§ **How to complete this task**
In this exercise, write out the data word for word and leave every image out.

§ **Given information**
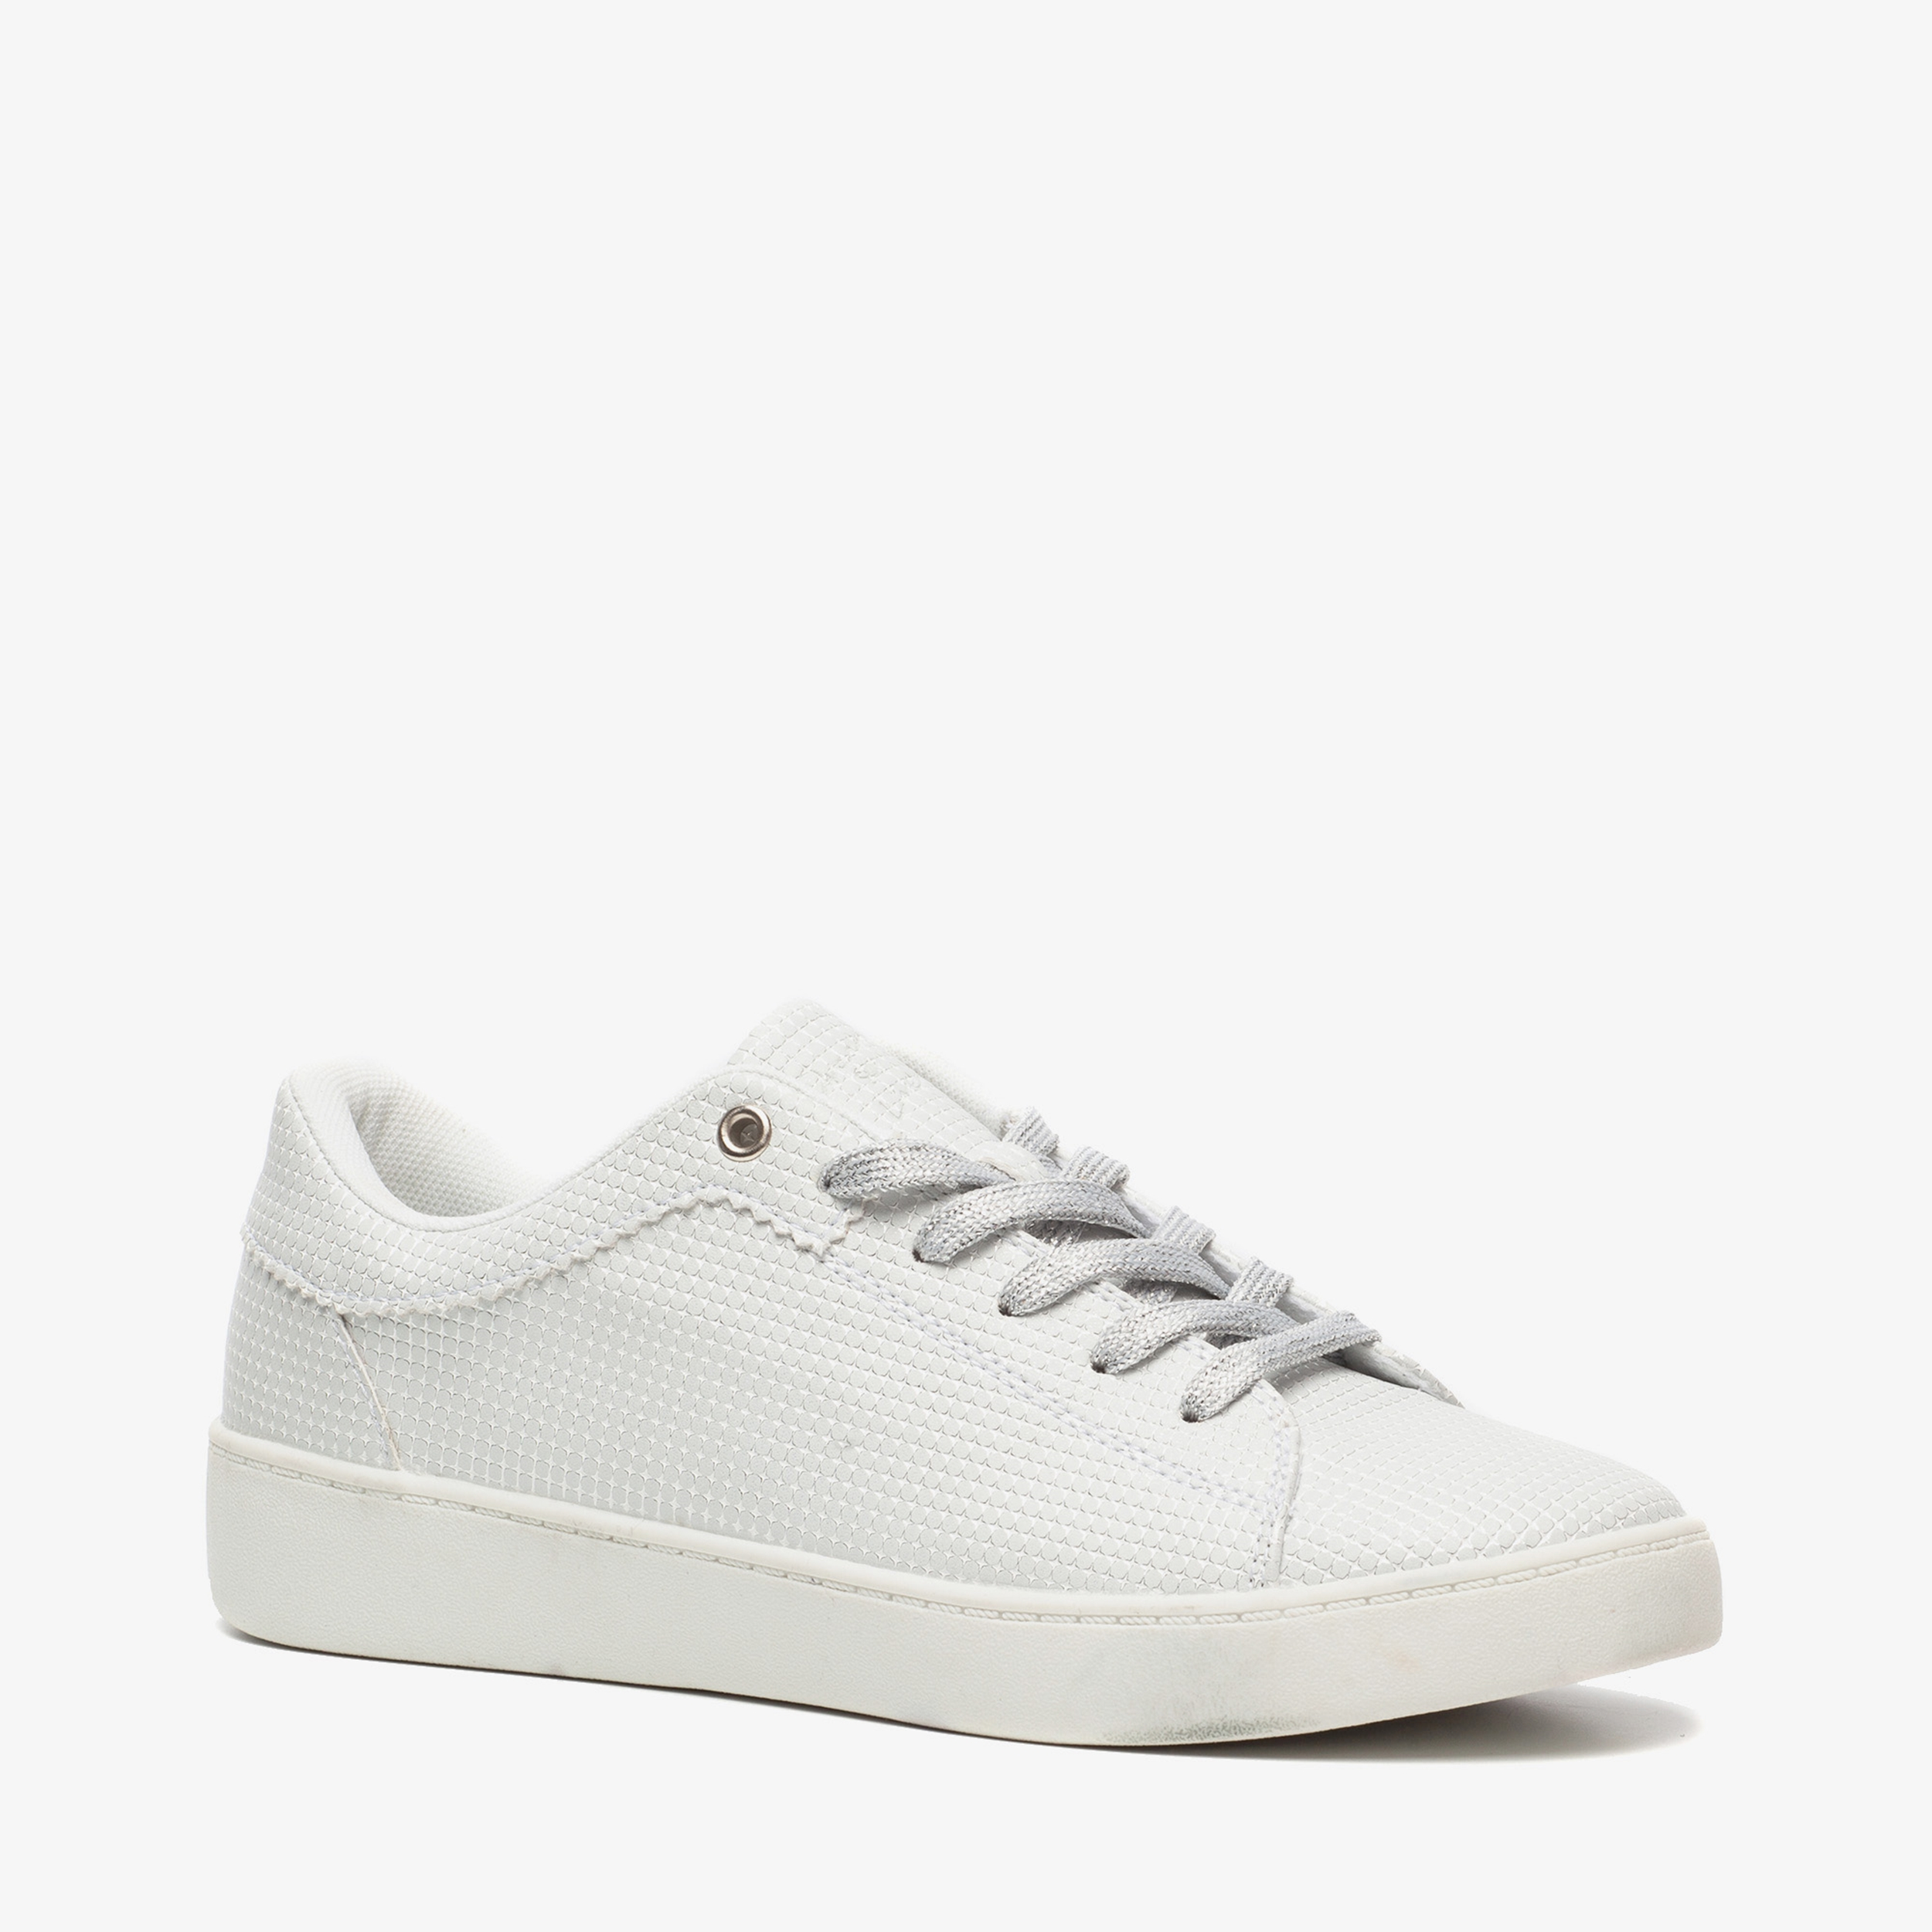 Blue Box dames sneakers met bloemenprint Wit Maat 39
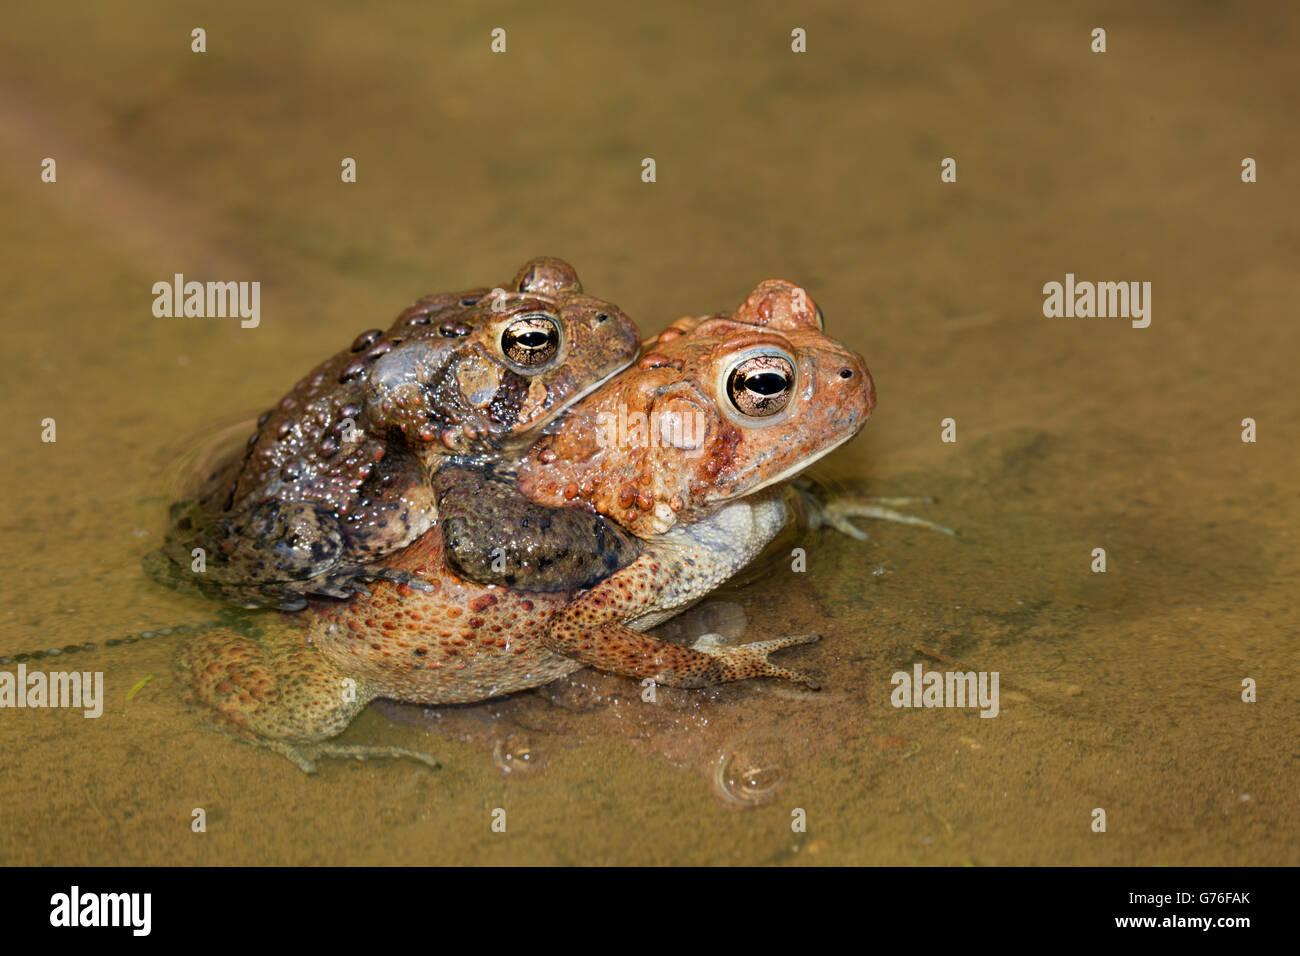 American toads, Bufo americanus, (Anaxyrus americanus), Maryland, Pair laying eggs - Stock Image
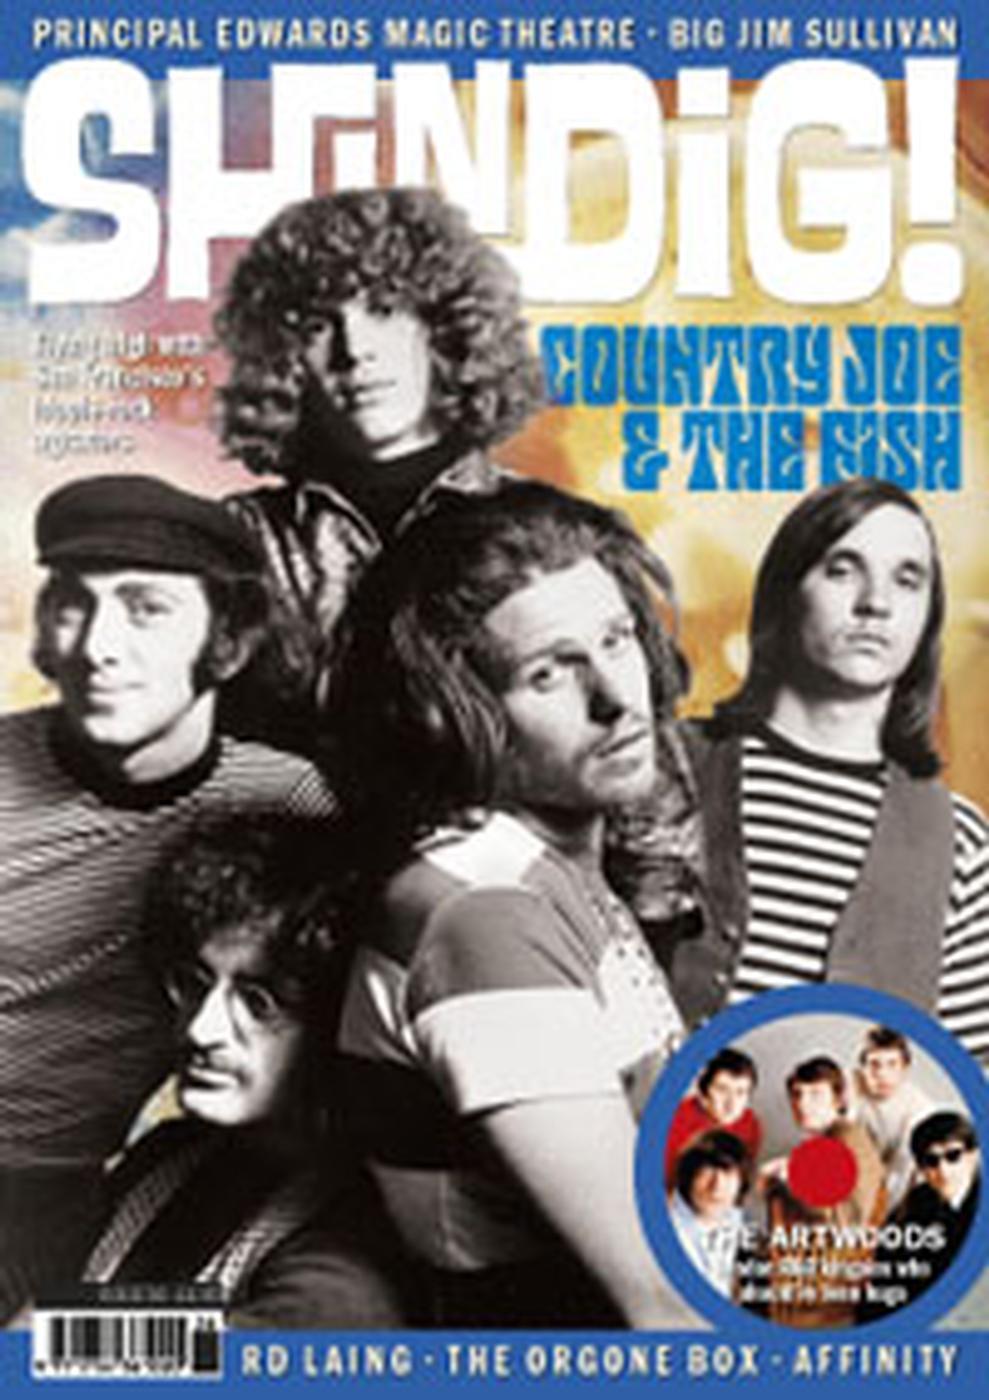 + 'SHINDIG!' MAGAZINE - Issue 36 Feat Country Joe

§ **Worked solution**
 Blue Box dames sneakers met bloemenprint Wit Maat 39
 American toads, Bufo americanus, (Anaxyrus americanus), Maryland, Pair laying eggs - Stock Image
 + 'SHINDIG!' MAGAZINE - Issue 36 Feat Country Joe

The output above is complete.